I am not really a musical person. Having just spent a fortnight with my family, however, my opinions on how mainstream musicals are the death of serious theatre have been exposed as the misanthropic rantings of a man obsessed with finding something in performance that he has failed to find in his life. That's the best thing about families. They aren't afraid of an ad hominem attack.
New Year, New Vile: I am going to go and see A Chorus Line. It's a musical, but it isn't by Andrew Lloyd Weber. Besides, it is up at Eastwood Park - ironically, my closest local theatre which I visit too rarely and it is being produced by Glasgow Music Theatre, who have a mission to encourage new talent. Rather like my support for Into The New, I am heralding the avant-garde of performance here.
A Chorus Line is well within my remit for theatre, anyway. I know it has songs and dance and all, but it is about the hard edge: set in an audition, there is plenty of bitterness, failure and desperate hope. Just like my usual Saturday night.

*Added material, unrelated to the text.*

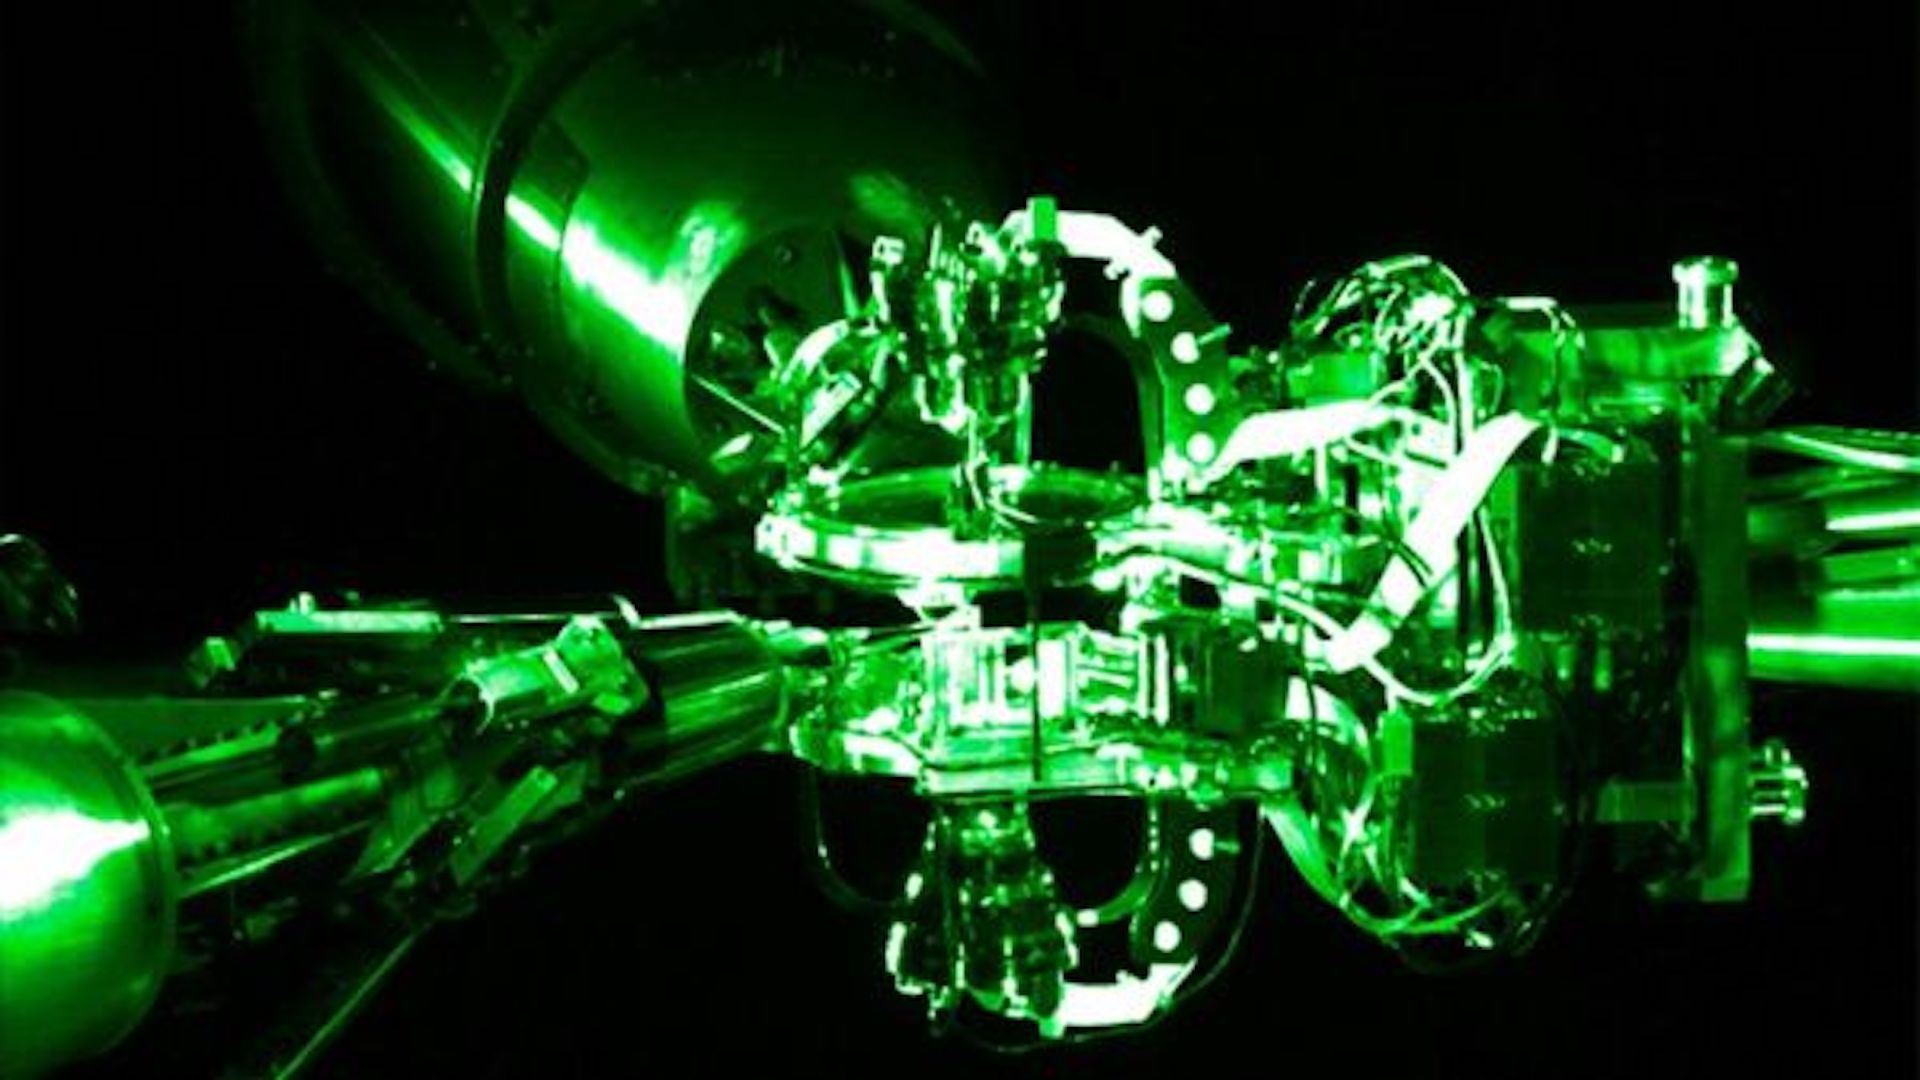 Nuclear fusion reactor 'breakthrough' is significant, but light-years away from being useful

I am reluctant to enjoy art that takes art as its subject - a musical that is about an audition for a musical, boy, they took imagination - but Glasgow Music Theatre have pointed out that the metaphor of too many people applying for too few jobs fits rather nicely with the current economic climate. Add in the portrayal of LBGTQ characters in a medium that is more likely to tell the story of a lion than a gay man, and I'm almost willing to drop my prejudice.